# Pasadena ride with Bob Roll, 1/29



## Wolfman (Jun 15, 2005)

Not sure if I'm going to be able to swing this, but I saw the flyer at the gym tonight and thought I'd pass the info along.

What: Charity ride through Pasadena with Bob Roll.
Why: proceeds benefit the Frostig Center, a school/organization helping kids with learning disabilities.
When: Saturday, January 29, ride starts at 8am, meet and greet and events until 12:30pm.
Price: Uh... it's $100 to register, but it's for a good cause, right?
More info at: http://www.frostig.org OR http://www.frostig.org/pdf/BobFlyerLrgSd2.pdf

Keep the shiny side up...

-Jason


----------



## bigdraft (Nov 21, 2005)

Not to nit pick, but the 29th is on Sunday, not Saturday

It's a good event and the school does great work with kids who don't have it so easy


----------



## Wolfman (Jun 15, 2005)

*Well put...*




bigdraft said:


> Not to nit pick, but the 29th is on Sunday, not Saturday
> 
> It's a good event and the school does great work with kids who don't have it so easy


Nice catch... getting the day wrong is definitely grounds for a correction!

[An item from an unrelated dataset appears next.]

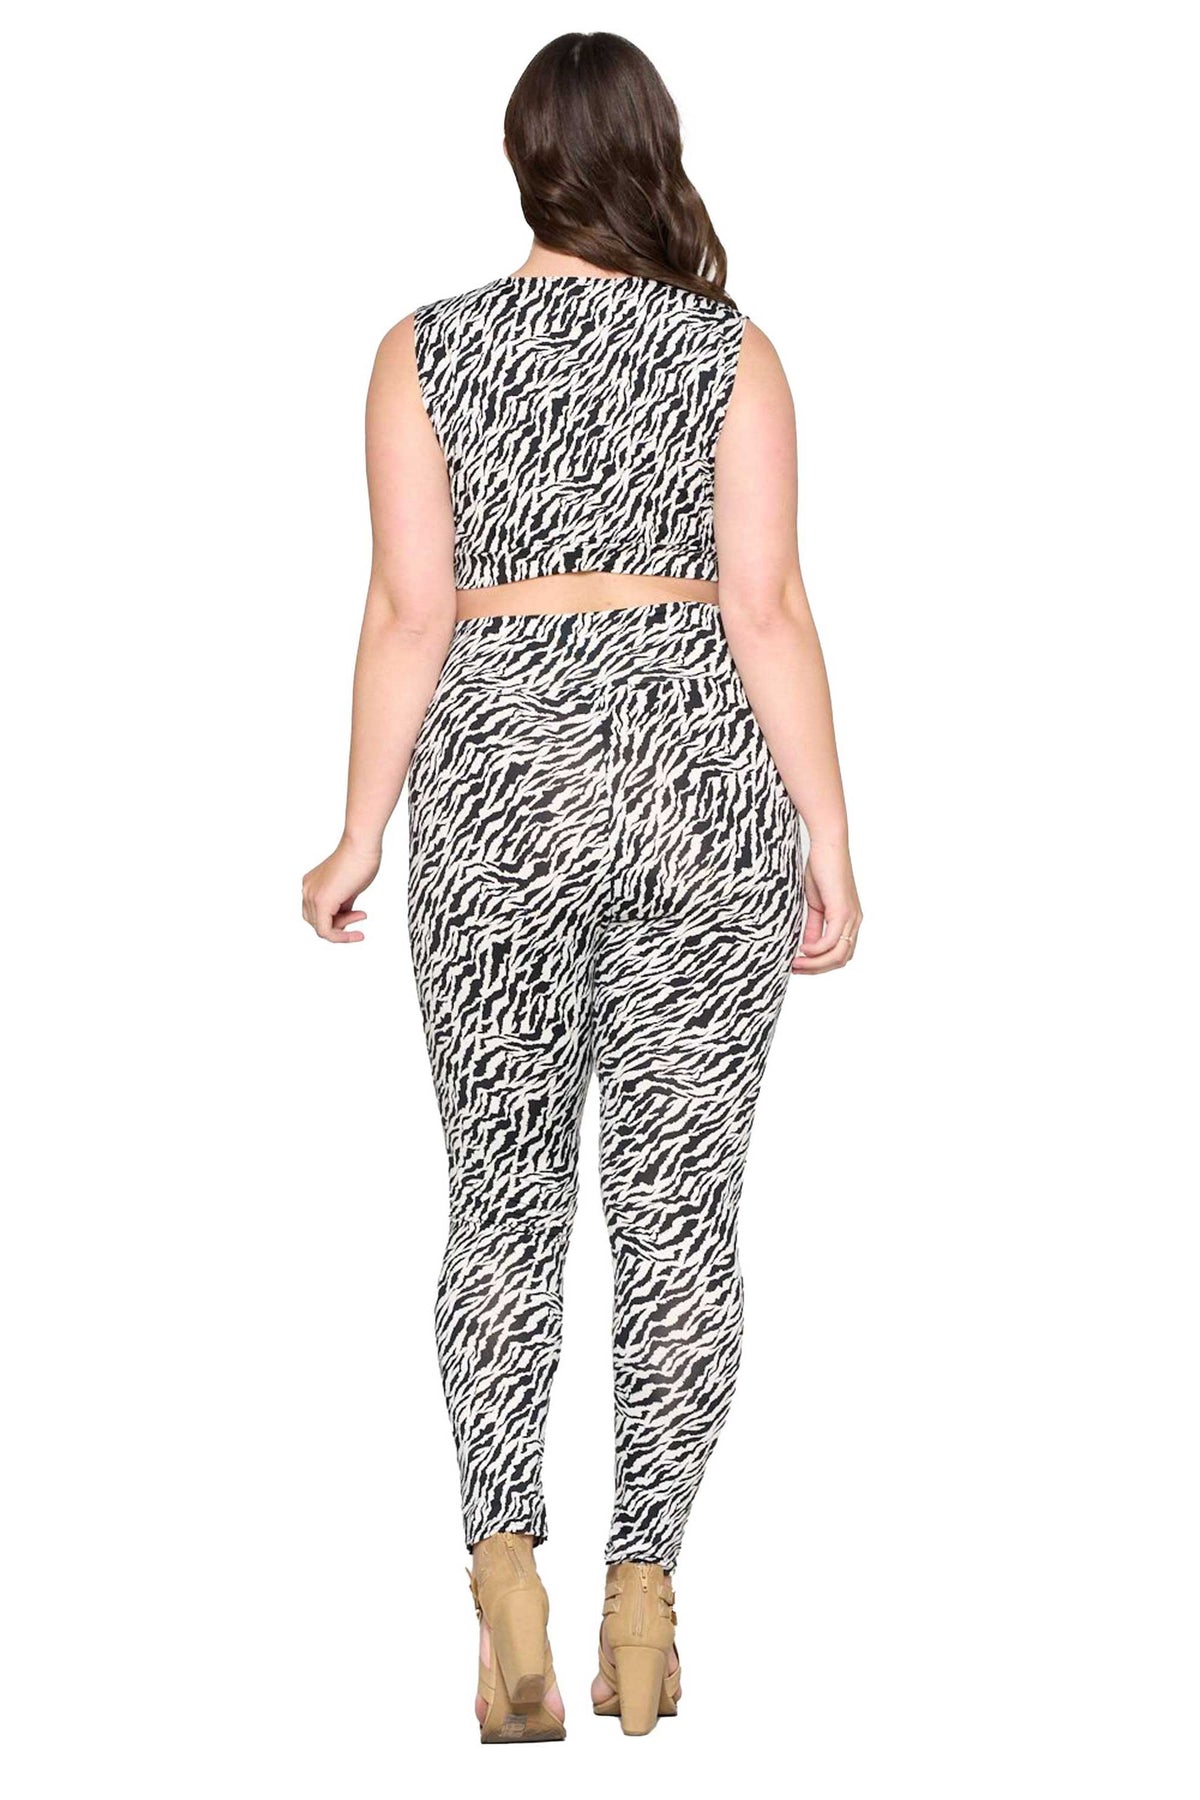 livd apparel plus size boutique zebra yoga leggings

Hopefully, the school will get a good turn-out for this event...


----------



## noslogan (Feb 13, 2005)

*I hope Bob*

I hope Bob noticed the Mom and Pop bike shop that TrekStore moved next to when he was here in SanDiego. 
Trek actually had the balls to move into the same complex let alone being able to toss a flatted tube from one shop to another.


----------